I have some vague memories of thinking through some stuff last night, but nothing too concrete. Okay, so p must be some probability (I always use p for that), so one minus p is the chance of something not happening. That raised to the inverse of p… that’d be the chance of something not happening a number of times in a row. One minus that value. That’d be the chance of all that not happening.

Aha! So if p were the chance of, say, getting heads on a coin flip (50%), 1 - (1-p)^{p^{-1}} is the chance of not getting tails twice in a row. That is, the chance that heads will come up within the first two tosses. Seventy-five percent.

But why the limit?

Well, if p were only one-third… Ah, our chance of it cropping up in the first three times is 19/27, or roughly seventy percent. If we drop p to one-fourth, our chance goes down to sixty-eight percent. Oh, I see… it’s approaching some value, but what?

p, 1 - (1-p)^{p^{-1}}
1, 1.000
2, 0.750
3, 0.704
4, 0.684
5, 0.672
6, 0.665

What in the world is this thing approaching?
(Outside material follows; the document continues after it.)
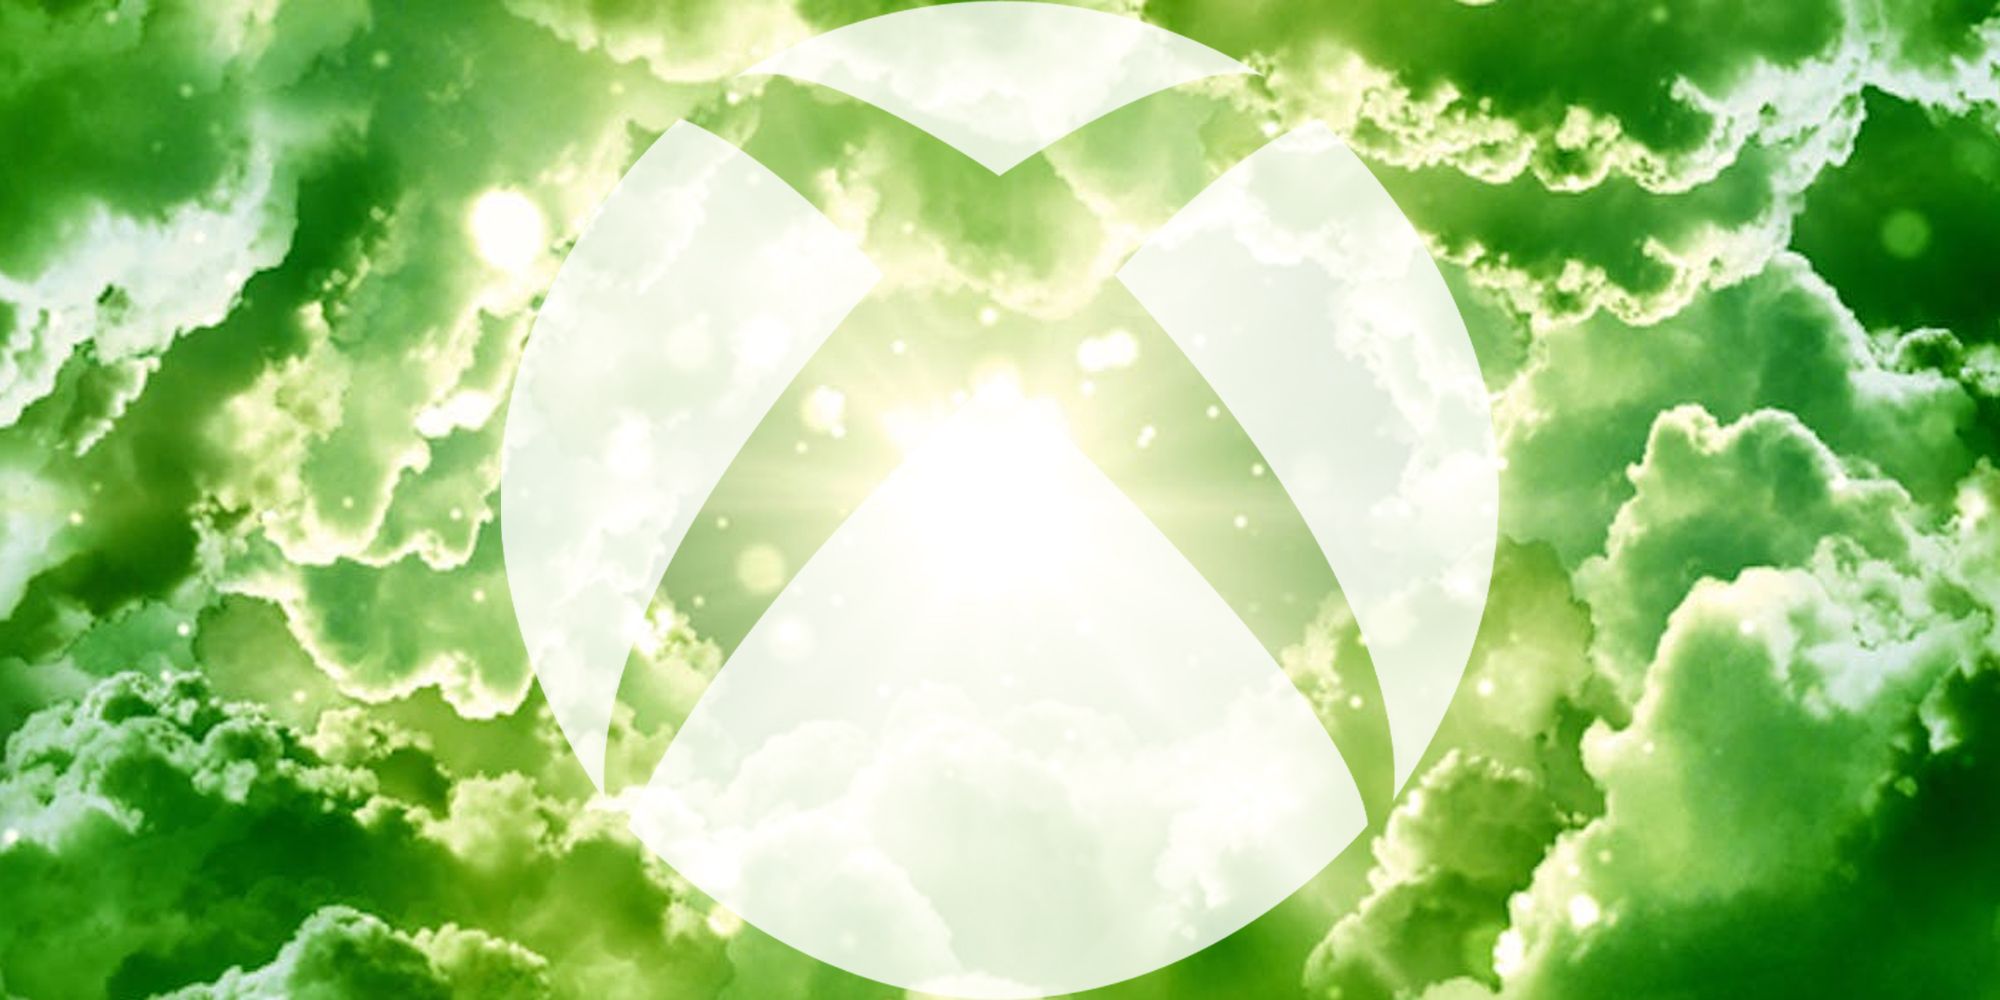 Xbox Is Removing One Major Feature May 30, So You Should Prepare

This doesn’t look like anything I’m familiar with…

10^2 , 0.633967659
10^3 , 0.632304575
10^4 , 0.632138954
10^5 , 0.632122398
10^6 , 0.632120743
10^7 , 0.632120577

It’s a limit, so it should have something to do with e (2.71828), but I don’t see how- oh. Wait, now I do. This value we’re approaching is 1 - \frac{1}{e} . So the chance of success of a task of probability p within the first p^{-1} trials approaches one minus the inverse of e. Hope that’s what you were looking for, past self.